3. Issue Presented: Whether the Court should grant a Motion for Default when Defendant has failed to Answer as required by CR 12(a)(1) 4. Evidence Relied Upon: - Include your declaration and any exhibits. - This includes when Complaint and Answer was served on defendant. - This includes the Answer due. - Optional: Date of when defendant appeared or defense counsel filed notice of appearance. -Optional: Date when letter sent to defendant or defense counsel that they have not filed Answer and request that Answer be filed within 5 days. - Optional: Date of service of Motion for default.
Why Motion to Compel should be granted ?: - Under CR 12(a)(1) a “Defendant shall serve his answer within 20 days, exclusive of the day of service, after the service of the summons and complaint upon him pursuant to rule 4; …” - Default judgments are disfavored because it is the policy of the law that controversies be determined on the merits rather than by default. Colacurcio v. Burger 110 Wash.App. 488, 41 P.3d 506 (2002). - Default judgments are normally proper only when the adversary process has been halted because of an essentially unresponsive party. Colacurcio v. Burger 110 Wn.App. 488, 41 P.3d 506, (2002). PRO TIP: Plaintiff is not entitled to default judgment as a matter of right under CR 55(b)(1) when amount due is not certain. J-U-B Engineers, Inc. v. Routsen 69 Wash.App. 148, 848 P.2d 733 (1993). PRO TIP: Party against whom default judgment is sought is not entitled to notice of CR 55(b)(2) hearing to determine previously unspecified damages. J- U-B Engineers, Inc. v. Routsen 69 Wash.App. 148, 848 P.2d 733 (1993). PRO TIP: Conduct search prior to filing motion to determine if defendant is serving in the military overseas. If defendant is serving motion will not be granted.
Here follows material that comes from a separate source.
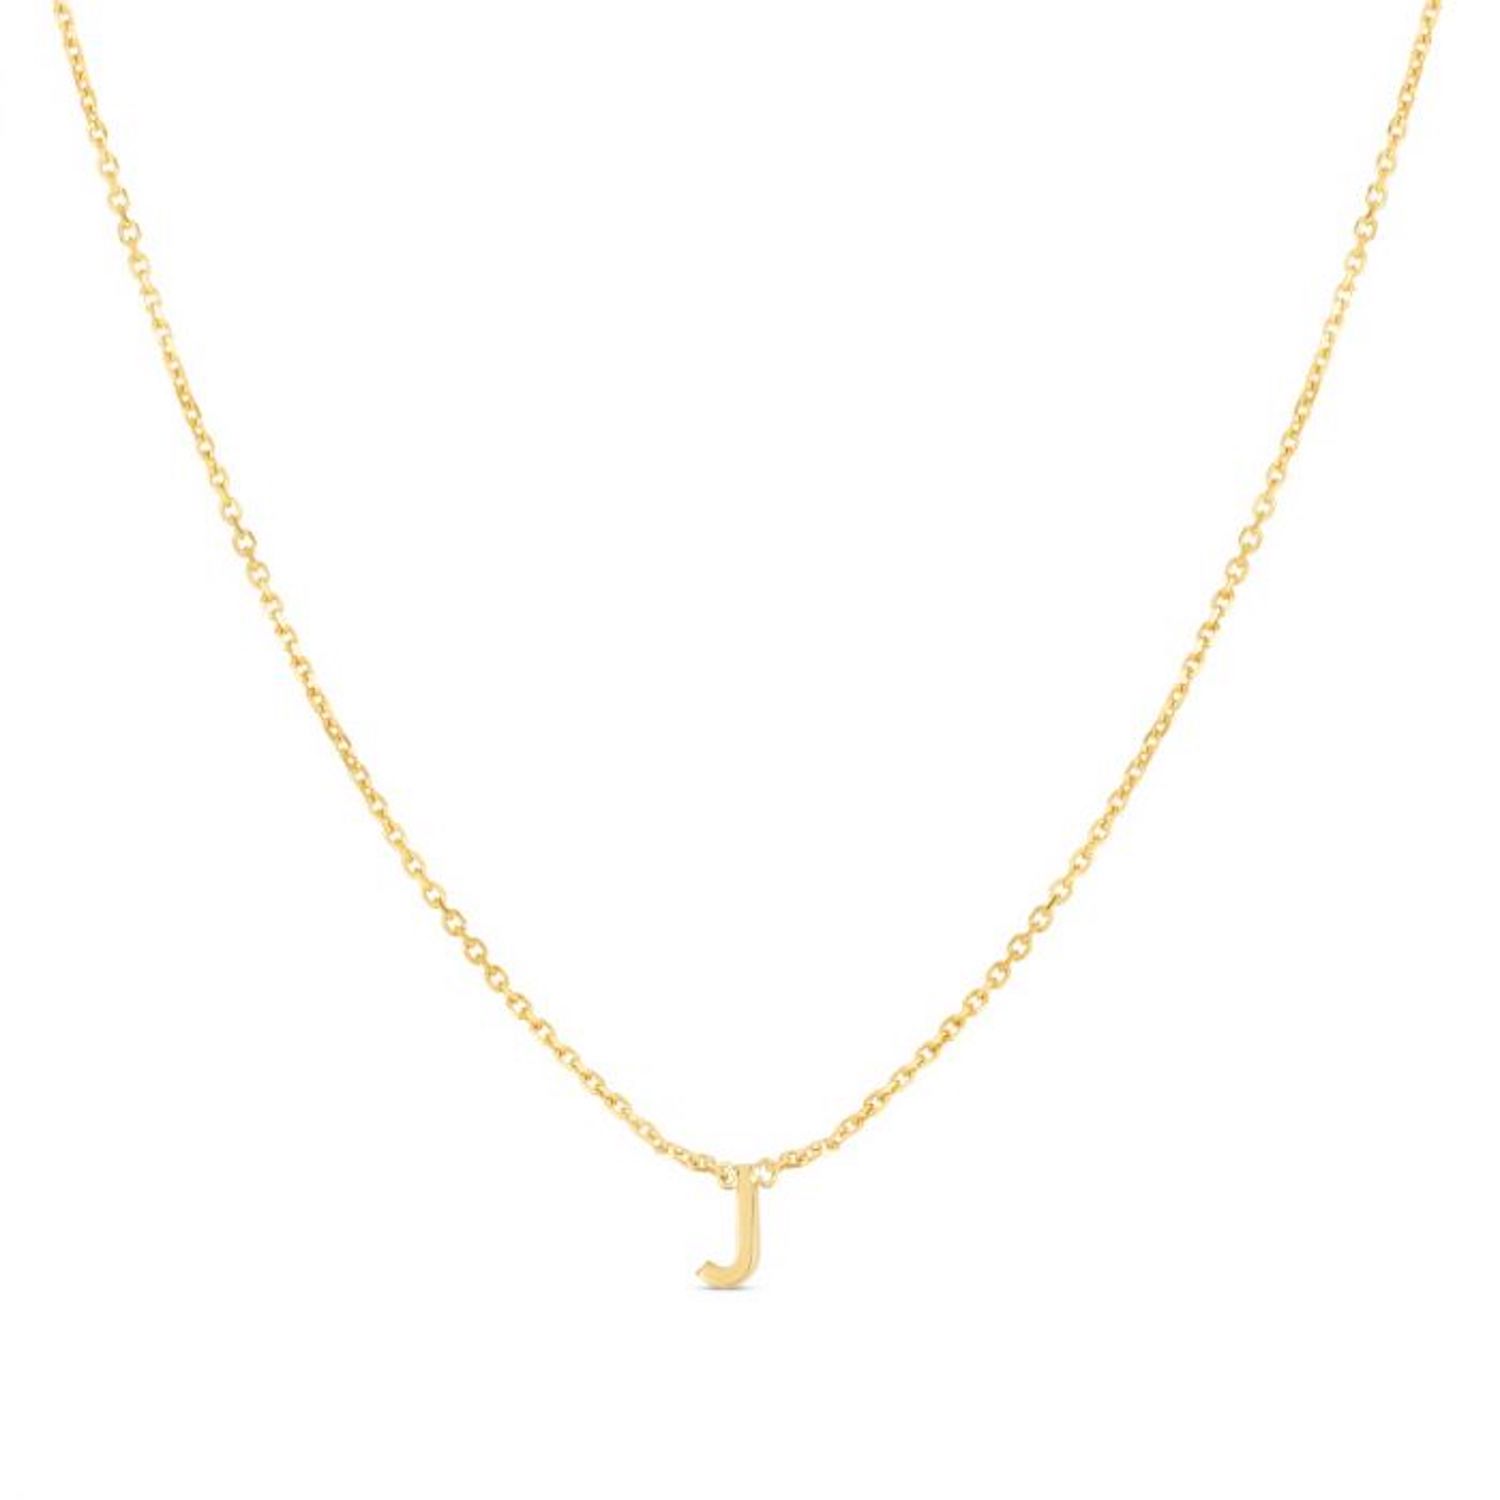 14K Yellow Gold Letter Initials Pendant Necklace 16"-18" - J

Application : Apply the facts to their failure to Answer. For example: Here, John Doe was properly served on January 1, 2013. It is now January 30, 2013, and defendant failed to Answer, defend, or appear within 20 days of service. The adversary process in this matter has been halted by defendant’s intentional and willful actions as a unresponsive party. Because over twenty days have elapsed and defendant has failed to Answer despite Plaintiff’s entreaties, the time allowed for filing of pleadings is now closed and Defendant has failed to conform with CR 12(a)(1). Because Defendant has failed to conform with CR 12(a)(1), Plaintiff is entitled to an Order for Default. Under CR 55(a)(1) “When a party against whom a judgment for affirmative relief is sought has failed to appear, plead, or otherwise defend as provided by these rules and that fact is made to appear by motion and affidavit, a motion for default may be made.
Apply the facts to CR 55: For example: Here the summons and complaint was properly served on _____________. Over twenty days have elapsed since the Defendants were served and the Defendant has failed to appear, plead or otherwise defend against the Plaintiffs’ complaint. Because the Defendants have failed to appear, plead, or otherwise defend this matter in a timely manner as proscribed by the Washington Rules, the Plaintiff therefore is entitled to an Order of Default and Entry of Judgment.
Conclusion - For the aforementioned reasons, Plaintiff respectfully asks this Court to Grant its Motion.
Always attach a Proposed Order detailing exactly what you are requesting the Court to do.